One percent of the population - mostly elderly patients with multiple chronic conditions - consume 53 percent of all hospital bed capacity for unplanned care. Their conditions progress and ultimately, if nothing is done, they have little alternative to acute care. HN Predict is designed to particularly benefit this cohort of patients, and the healthcare providers who care for them.

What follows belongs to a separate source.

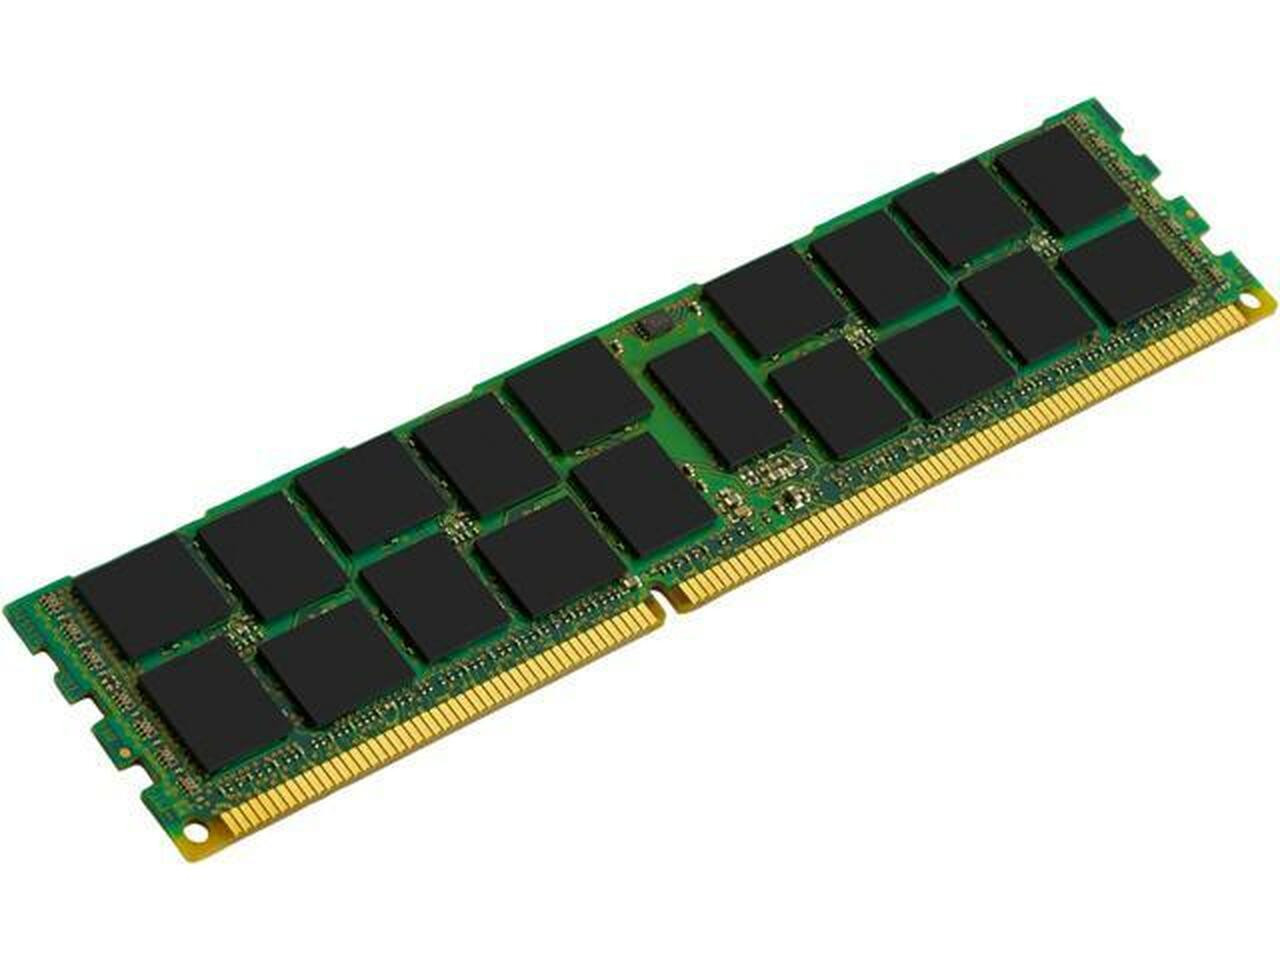 Netpatibles 16GB DDR4 SDRAM Memory Module - 838081-K21-NPM

Our data driven approach is designed for equitable health and can overcome recognised biases and inequalities built into traditional case finding and patient referral models. Having timely access to precise information about individual patients enables healthcare providers to better guide clinical decision-making to optimise secondary prevention. This generates better patient outcomes and releases pressure on frontline clinical staff and system.
As we developed HN Predict, more risks and future patient outcomes have been incorporated into the platform. Today, HN Predict can provide highly meaningful predictive information, on individual patient level, about a number of events that guide clinical decision making and preventative actions at point of care.
HN Predict collects and processes unstructured and structured healthcare data through an IG-compliant, secure cloud-based AI engine.
The AI analyses each individual patient’s data by using validated algorithms and provides a list of highlighted patients with elevated risks for certain events such as unplanned hospitalisation, rapid frailty progression or falls. This is information that can be used to better prioritise or to actively reach out to those at high risk for targeted prevention.
HN Predict can run on different primary, secondary or integrated datasets and feedback securely to be accessed at point of care through integration with existing EPRs or/and separate dashboards.
It is fully configurable enabling clinicians to define the most important events, outcomes, and patient target groups to predict.
HN’s research shows that many unplanned clinical events – including deaths in patients with chronic conditions – are to a large part predictable and preventable events. This means they can be anticipated well in advance and prevented.
In clinical trials, HN Predict demonstrated that it can reduce unplanned admissions and deaths while increasing Patient Reported Outcomes Metrics (PROMs). The positive impact was most pronounced in socioeconomic vulnerable patient groups.
Eight out of ten patients who will experience an unplanned hospitalisation can be identified while they are still at home, and while there is time to provide preventive support.
HN Predict meets the NHS DTAC standard and the Cyber Essentials Plus requirements. Elements of the HN Predict technology is undergoing PCT patenting.